To be sure, Women's Studies at Harvard is not as radical as it could be. I'm thankful that the classically liberal project of gender equity seems still a goal. Still, I believe that a more rigorous, fair and beneficial program to study sex and gender would be structured as follows: require students to take a half-course in basic human philosophy. Then expose them to the anthropological study of sex differences among different cultures and the psychological differences between men and women. Survey the broad swath of literature and art which deal with masculinity, femininity and sexuality. Save the theory for the icing on the cake. And don't take it too seriously.

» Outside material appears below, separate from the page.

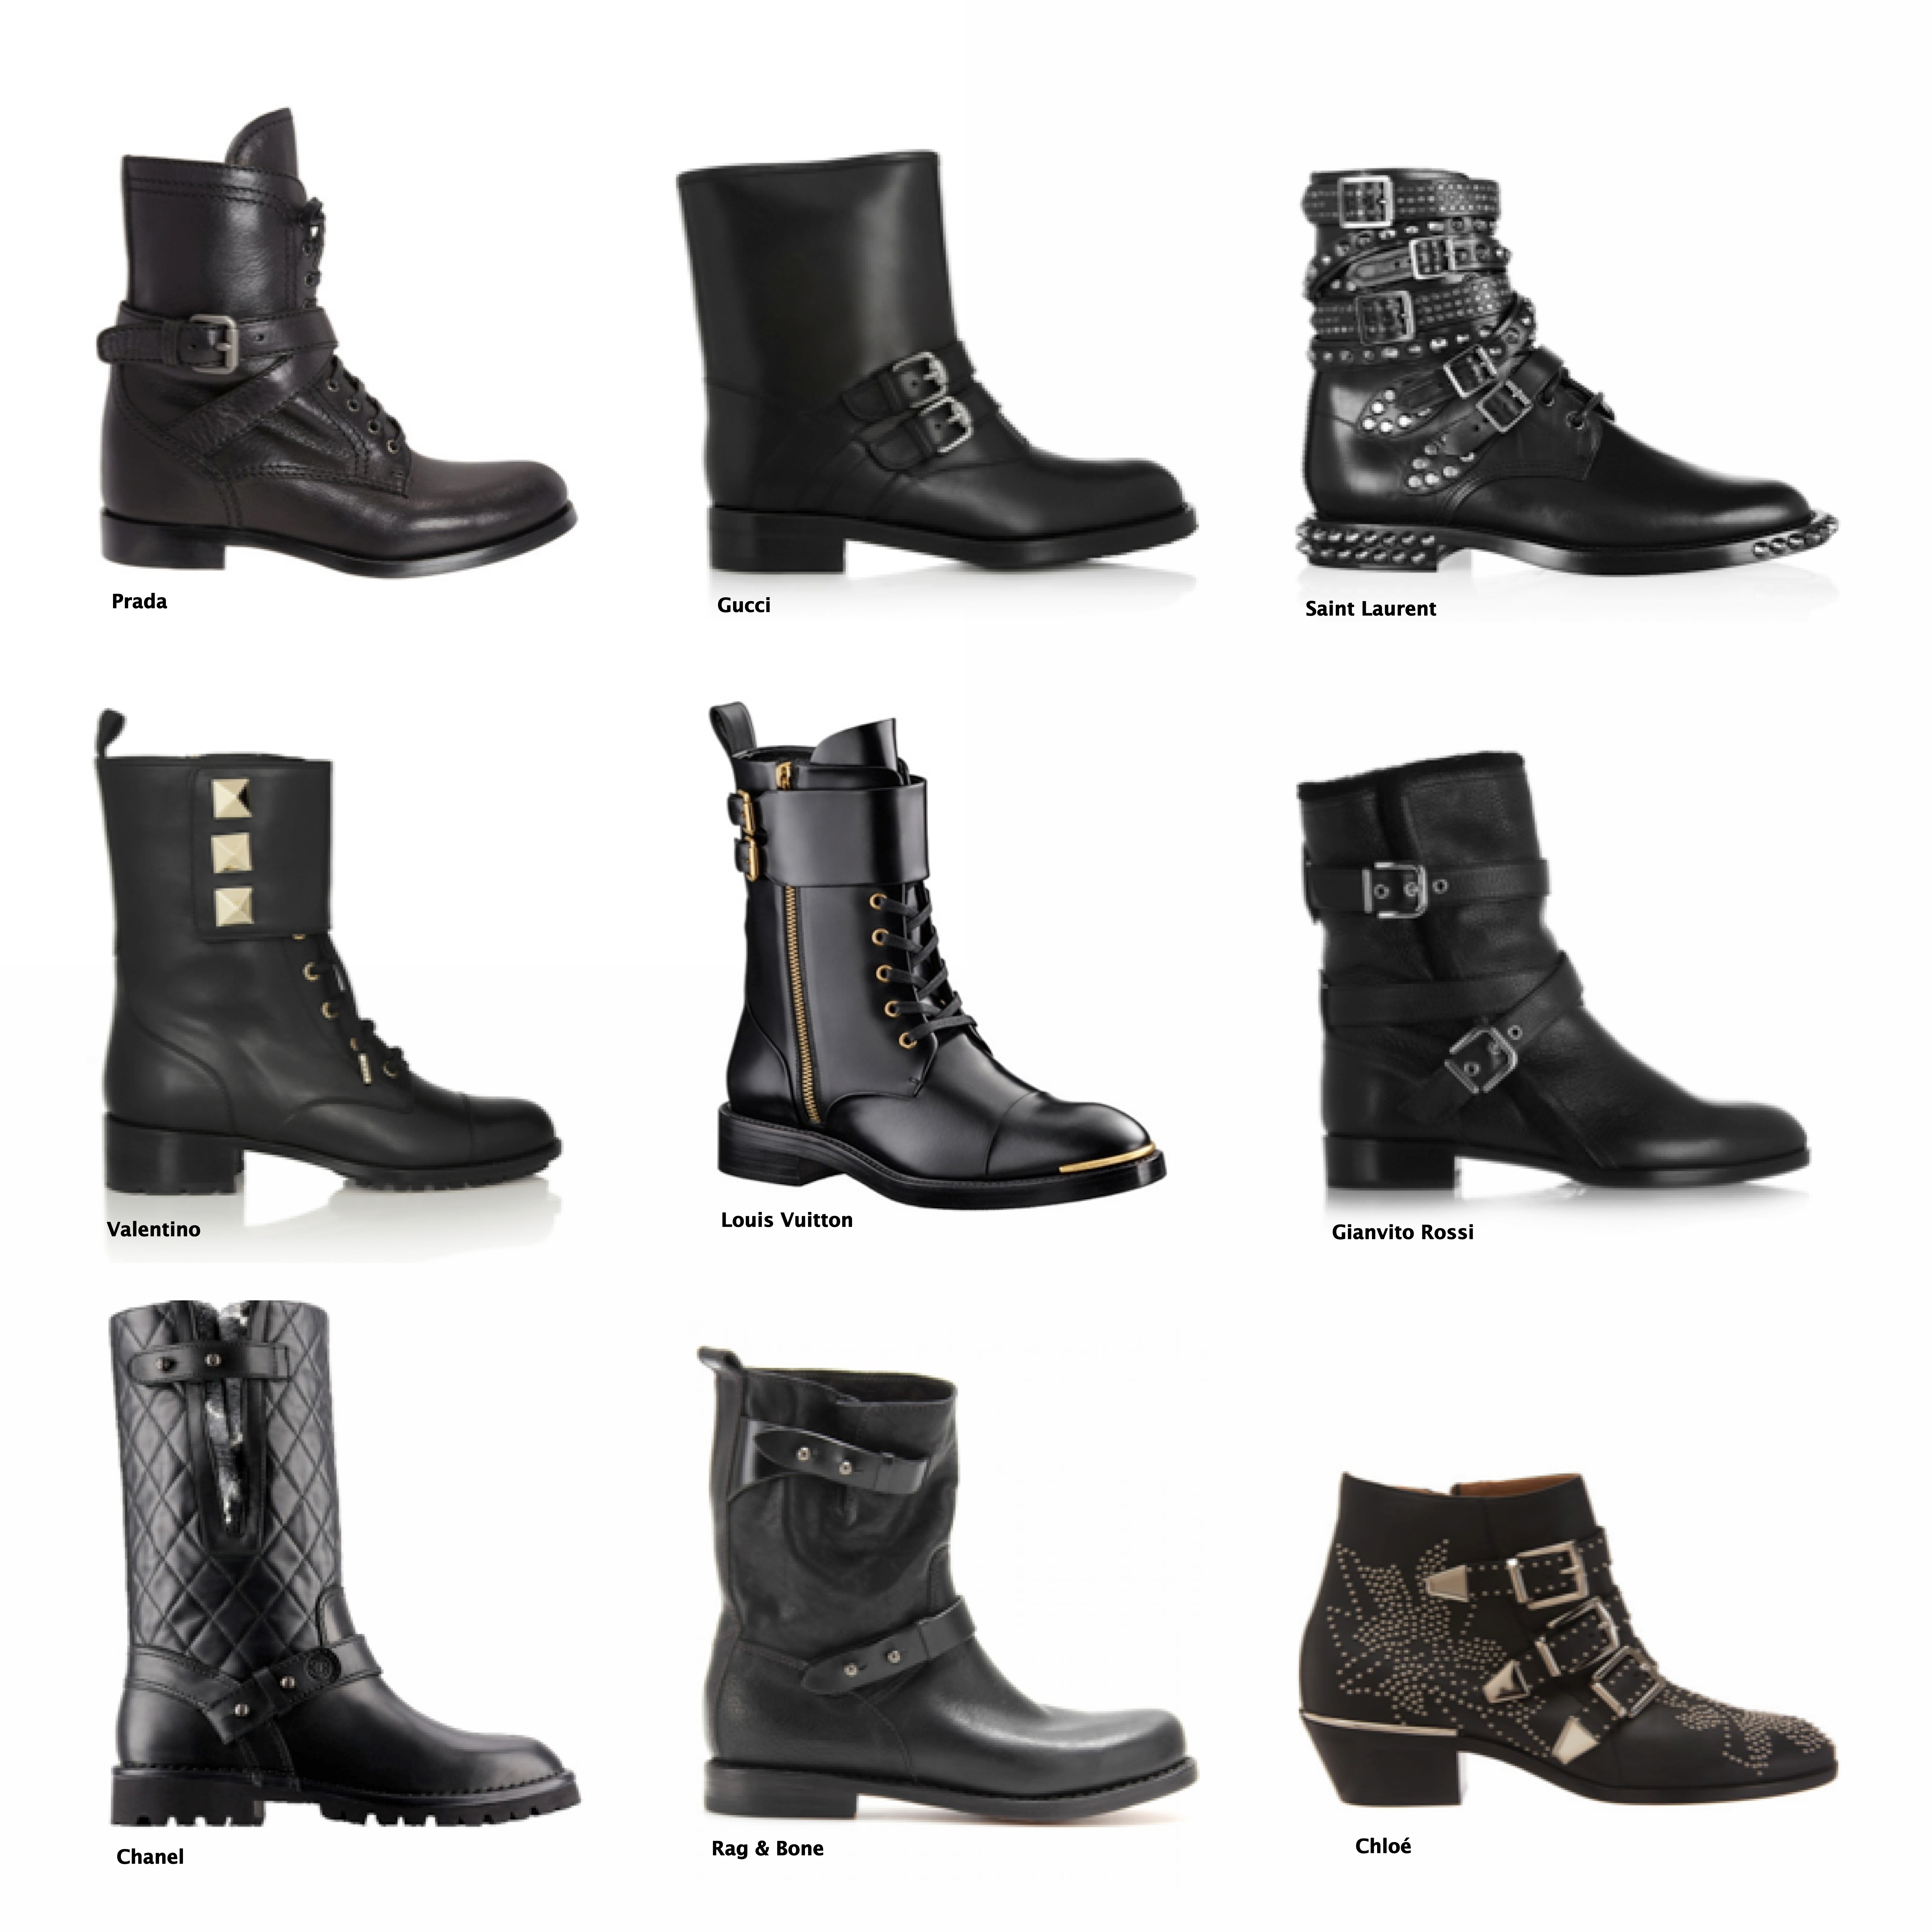 FALL TREND REPORT : BIKER STYLE – PART 2 “THE BOOTS”

A cursory reading of ancient poetry can accomplish what a headache inducing romp through Jacques Derrida, Michel Foucault and Judith Butler cannot; an appreciation of the wonderful cornucopia of sexual relations from time immemorial and how sexuality was (and is) linked with spirituality, nature, power, and politics.

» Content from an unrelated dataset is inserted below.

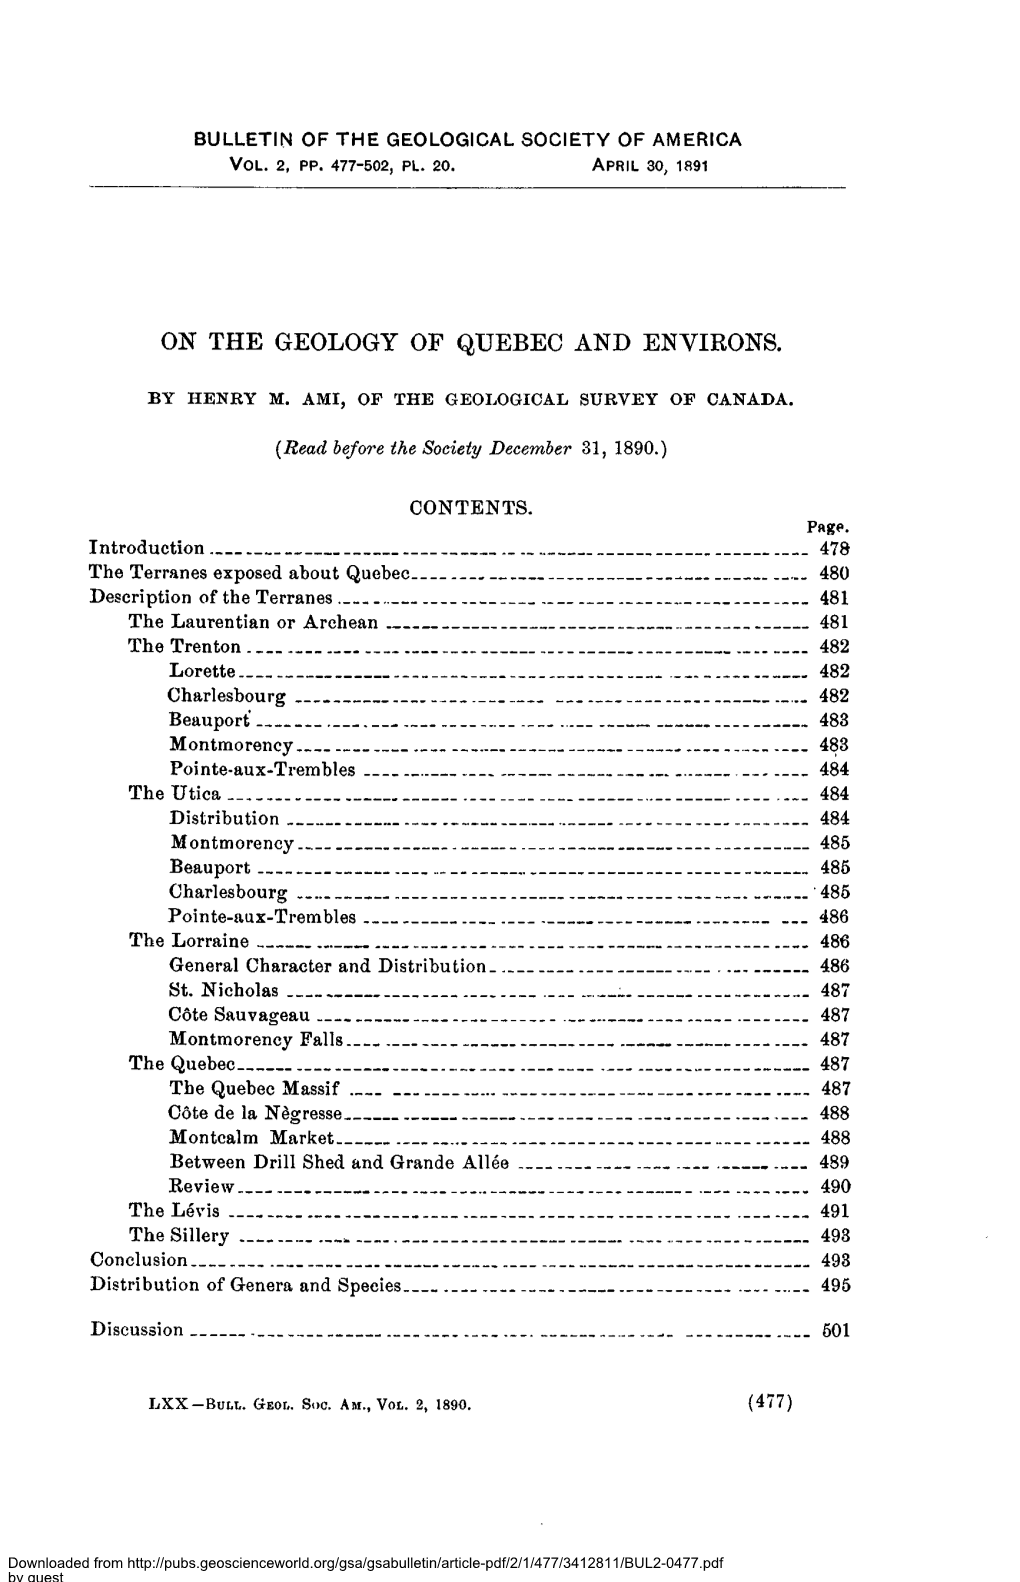 On the Geology of Quebec and Environs

Higher education is supposed to have a liberalizing effect on its students, and I don't object to the a dash of cultural criticism in established humanities disciplines. But if Harvard has any intention to truly produce those who will form the discourse of tomorrow, narrow-minded theologies of the radical left ought not be the primary means of pedagogy.
Marc J. Ambinder '01, a Crimson editor, is a history concentrator in Lowell House.